Avast WEBforum

Consumer Products => Avast Free Antivirus / Premium Security (legacy Pro Antivirus, Internet Security, Premier) => Topic started by: Bellzemos on May 12, 2010, 02:31:51 PM

Title: What is this?
Post by: Bellzemos on May 12, 2010, 02:31:51 PM
(http://www.shrani.si/f/35/ER/23u420aX/false.jpg)

Are these Avast's legit files? It doesn't seem like a FP.  :-\

http://www.virustotal.com/sl/analisis/8fccc57ac017de22278793f7a6b6314c451a232e7e1dd9744fea89fe2bda25cf-1273667216

http://www.virustotal.com/sl/analisis/8fccc57ac017de22278793f7a6b6314c451a232e7e1dd9744fea89fe2bda25cf-1273667219

http://www.virustotal.com/sl/analisis/8fccc57ac017de22278793f7a6b6314c451a232e7e1dd9744fea89fe2bda25cf-1273667223

http://www.virustotal.com/sl/analisis/8fccc57ac017de22278793f7a6b6314c451a232e7e1dd9744fea89fe2bda25cf-1273667227

Please help!
Title: Re: What is this?
Post by: doktornotor on May 12, 2010, 02:42:48 PM
Those are NOT avast files. Those are files that avast scanned, using that directory as temporary placeholder. The fact that they are lingering there still would suggest that you have some conflicting antivirus/antimalware installed which prevented avast from deleting those *.tmp files.

You shouldn't run two AVs in realtime first; in case you run something like Immunet Protect or whatnot (claimed to be compatible w/ other AVs), to prevent this from occurring again, you should exclude that directory from scanning in whatever other security SW you have installed.
Title: Re: What is this?
Post by: Lisandro on May 12, 2010, 02:46:16 PM
False positives of avast temporary files.
I don't think MBAM has an exclusion list (to add them previously).
Title: Re: What is this?
Post by: Bellzemos on May 12, 2010, 02:47:49 PM
Look at the VirusTotal links I posted, they are not FP's. How do I get rid of those nasties for good? And no, I don't have two AV's or any conflicting software (see my signature). Thank you!
Title: Re: What is this?
Post by: doktornotor on May 12, 2010, 02:49:12 PM
False positives of avast temporary files.
I don't think MBAM has an exclusion list (to add them previously).

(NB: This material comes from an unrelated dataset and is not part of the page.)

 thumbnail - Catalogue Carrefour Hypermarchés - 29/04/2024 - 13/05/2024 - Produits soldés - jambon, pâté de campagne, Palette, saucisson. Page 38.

MBAM won't cause them to stay there. Normally this stuff gets deleted once avast is done doing it's job. If something else locks the files meanwhile, fighting w/ avast for control over them, then they may be left there and the clutter will cummulate in that directory. So, what I means is NOT to exclude the directory in MBAM, but to prevent those from staying there in the first place.  ;)

P.S. Just delete them to get rid of them.  ;D
Title: Re: What is this?
Post by: logos on May 12, 2010, 02:49:19 PM
those files could be avast crash dump temp files I think, generated while the actual dump files are saved in the alwill folder in program data...they shouldn't be flagged by MBAM >>> FPs

ps: my guess is that the dump files must contain traces referring to an actual infection, explaining the detection.
Title: Re: What is this?
Post by: Bellzemos on May 12, 2010, 02:52:00 PM
Please look at the VirusTotal links in my first post.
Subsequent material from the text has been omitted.